■ **Exercise requirements**:
Write down exactly the lines from the one below that has "Junge Frau bei" to the end of the data, both ends included; the pictures should not appear in your copy.

■ **Information supplied**:

____

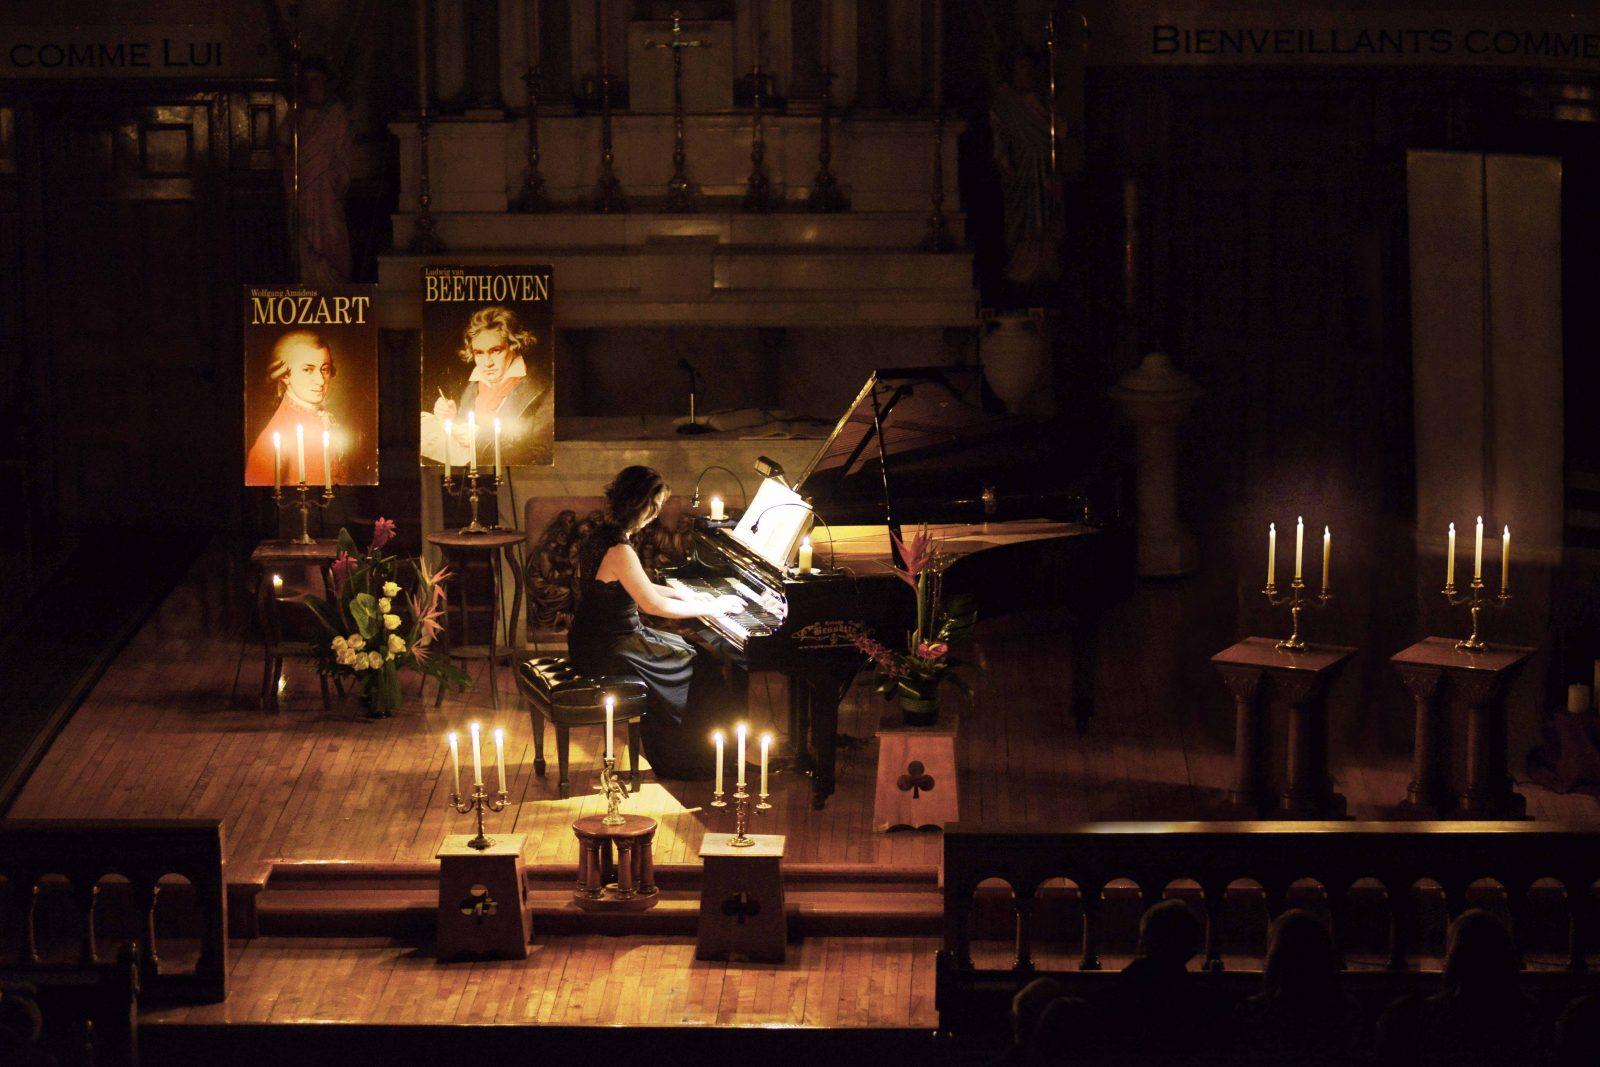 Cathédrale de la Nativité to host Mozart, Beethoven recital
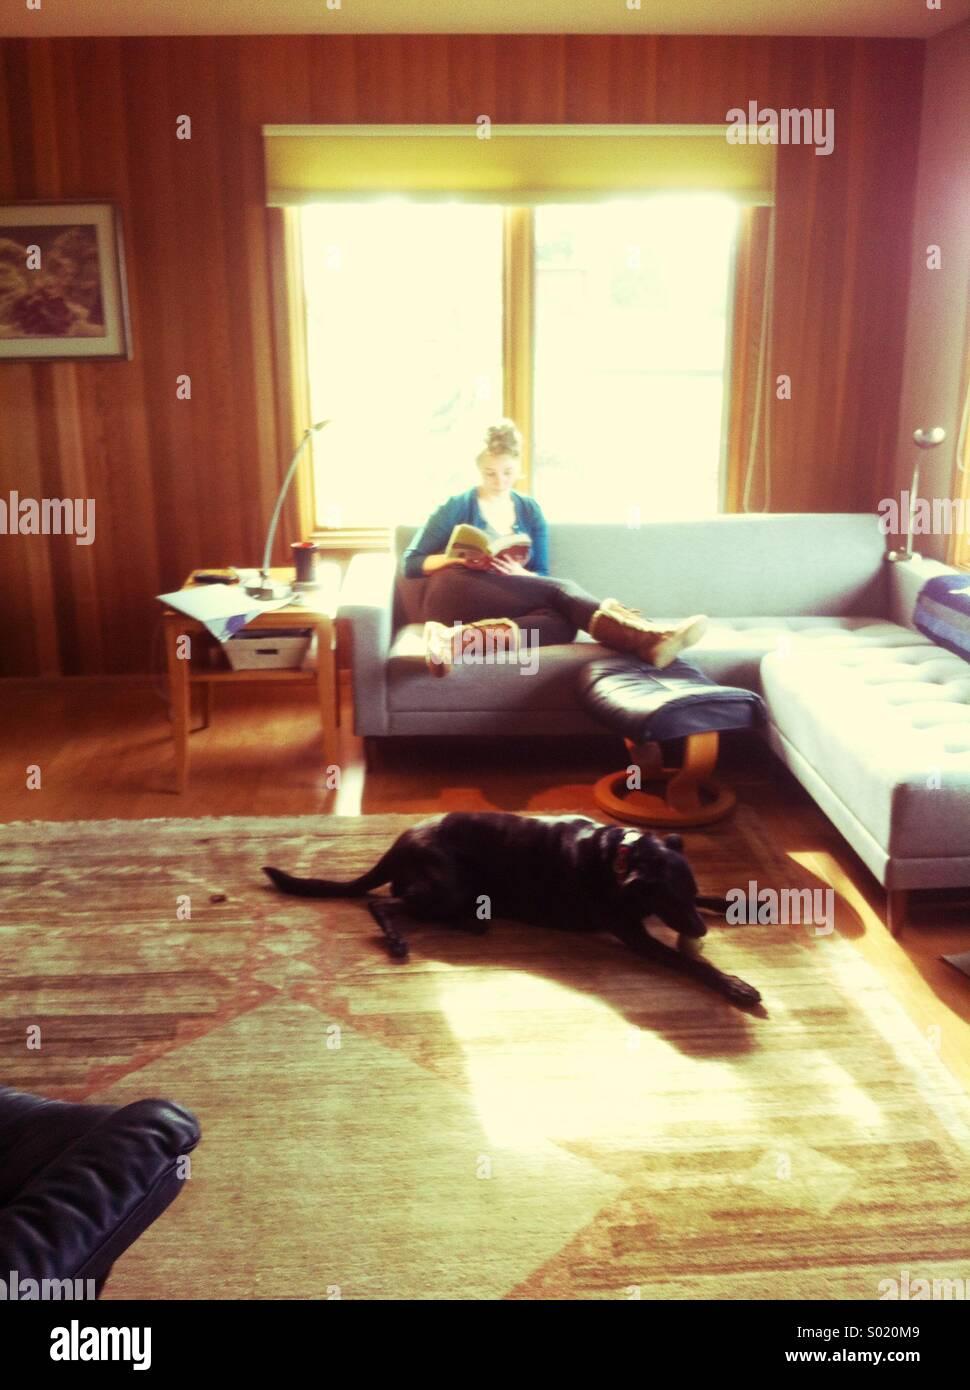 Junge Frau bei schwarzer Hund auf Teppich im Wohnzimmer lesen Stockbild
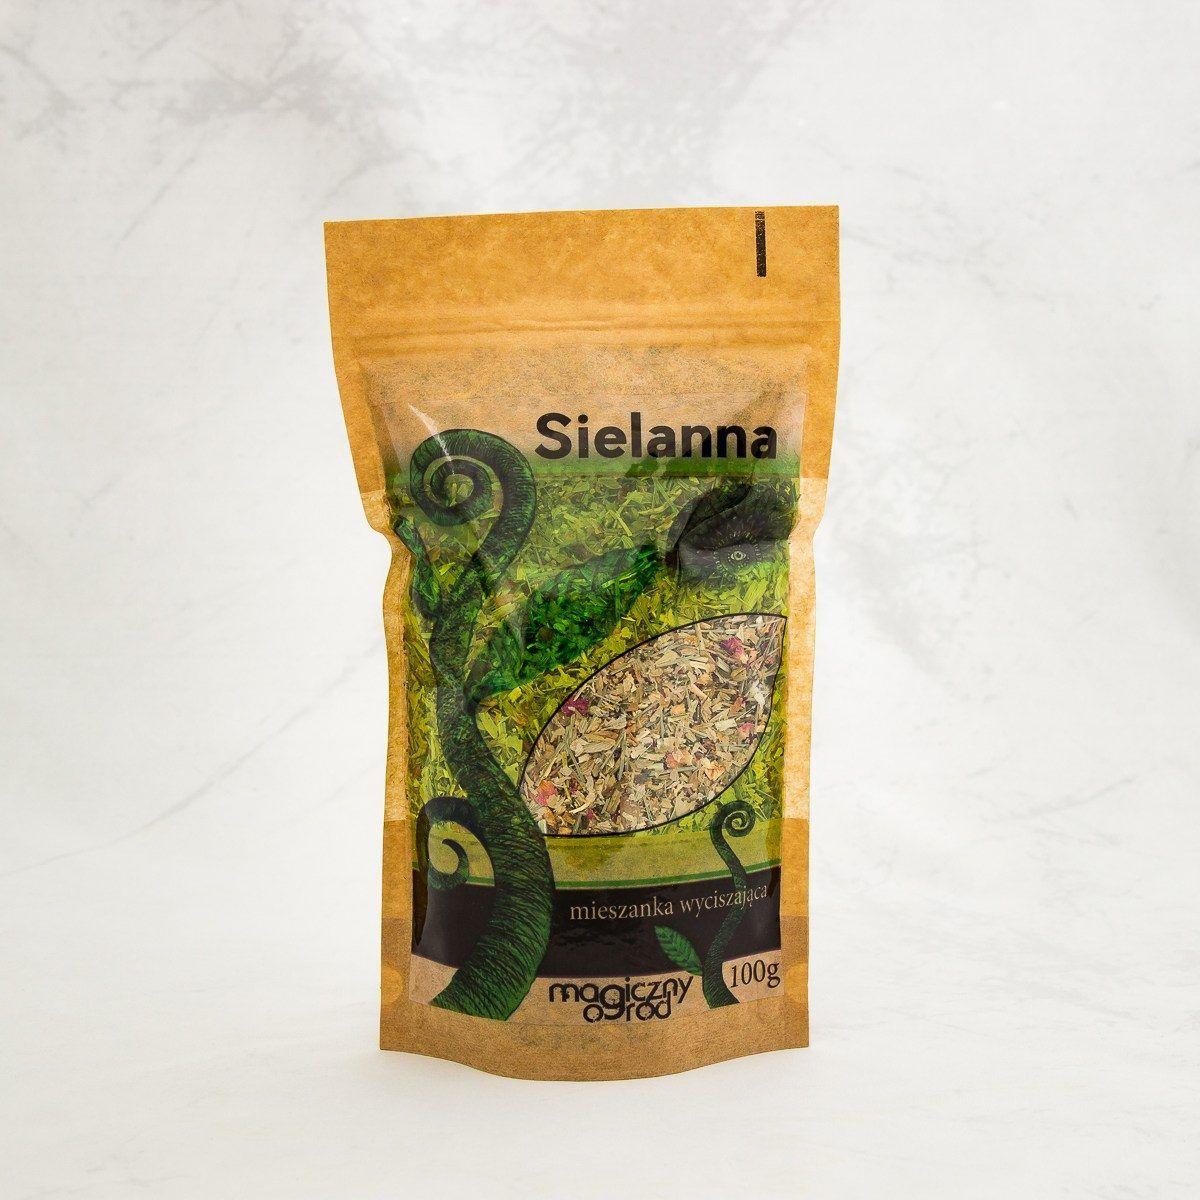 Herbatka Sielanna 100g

____

■ **Answer space**:
 Junge Frau bei schwarzer Hund auf Teppich im Wohnzimmer lesen Stockbild
 Herbatka Sielanna 100g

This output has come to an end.